Exercise:
Reproduce the listing that follows in full. Omit its images.

Collected data:
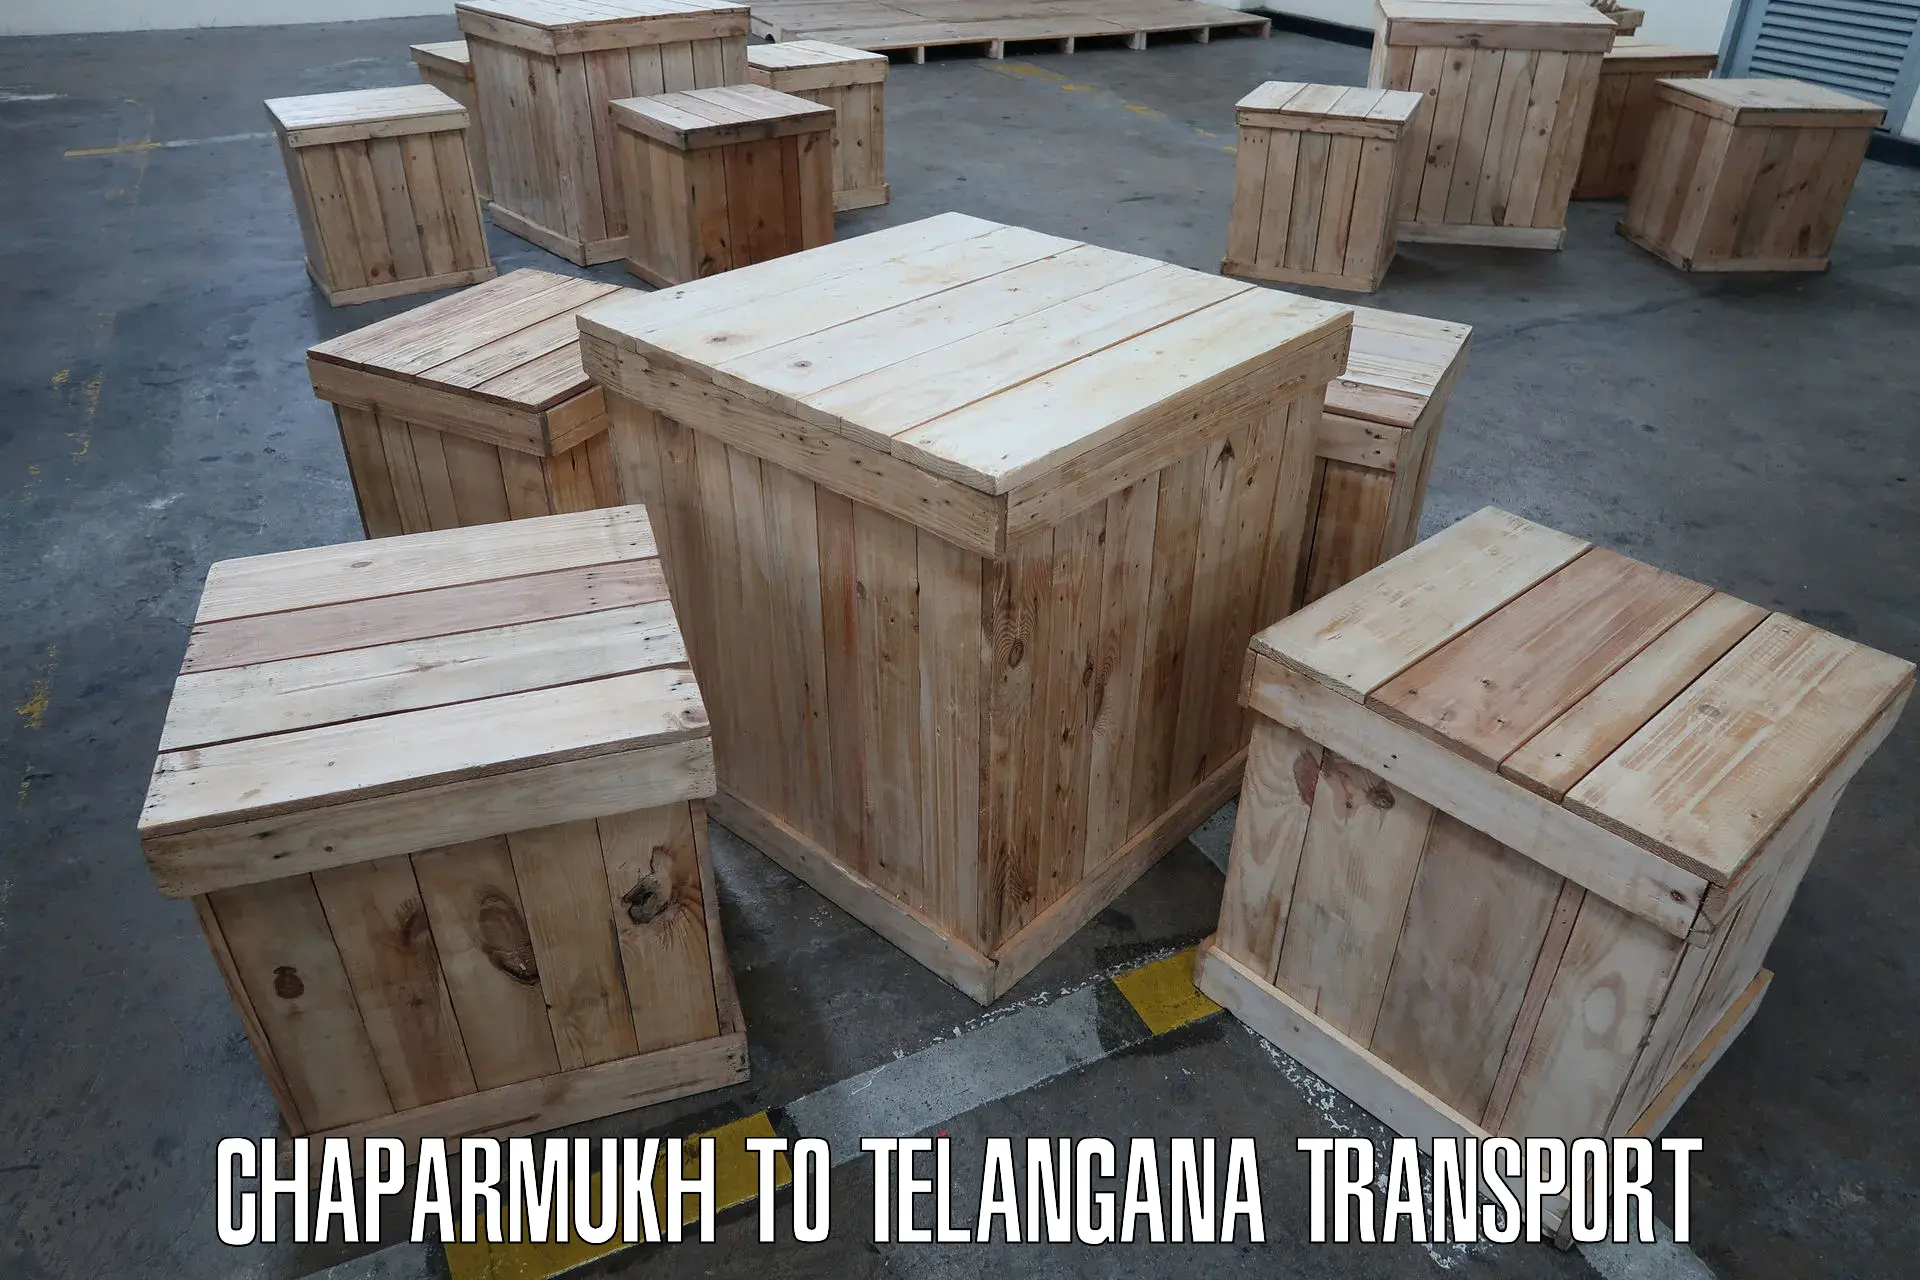 Furniture transport service Chaparmukh to Kothakota
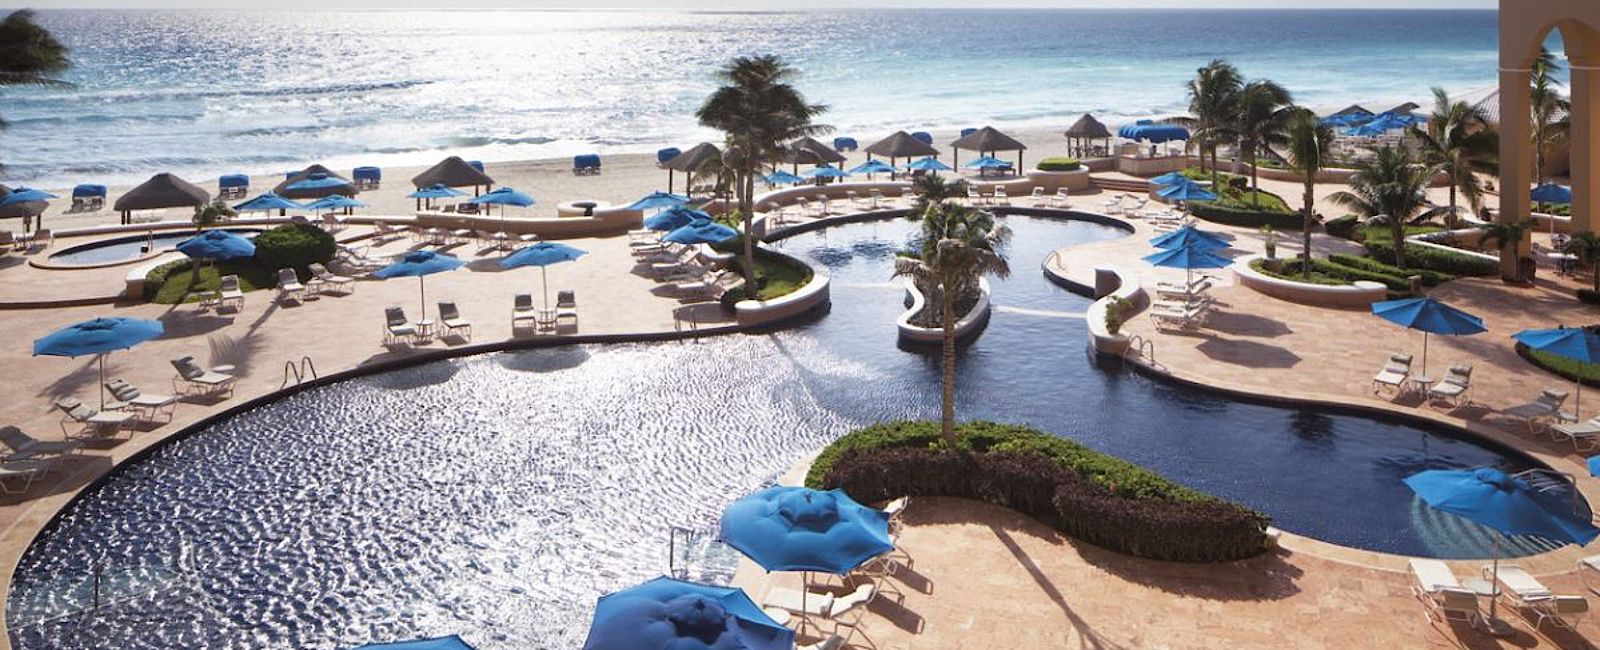 HOTELTEST
 The Ritz-Carlton, Cancun 
 Luxus und relaxen auf amerikanische Art

Response:
 Furniture transport service Chaparmukh to Kothakota
 HOTELTEST
 The Ritz-Carlton, Cancun 
 Luxus und relaxen auf amerikanische Art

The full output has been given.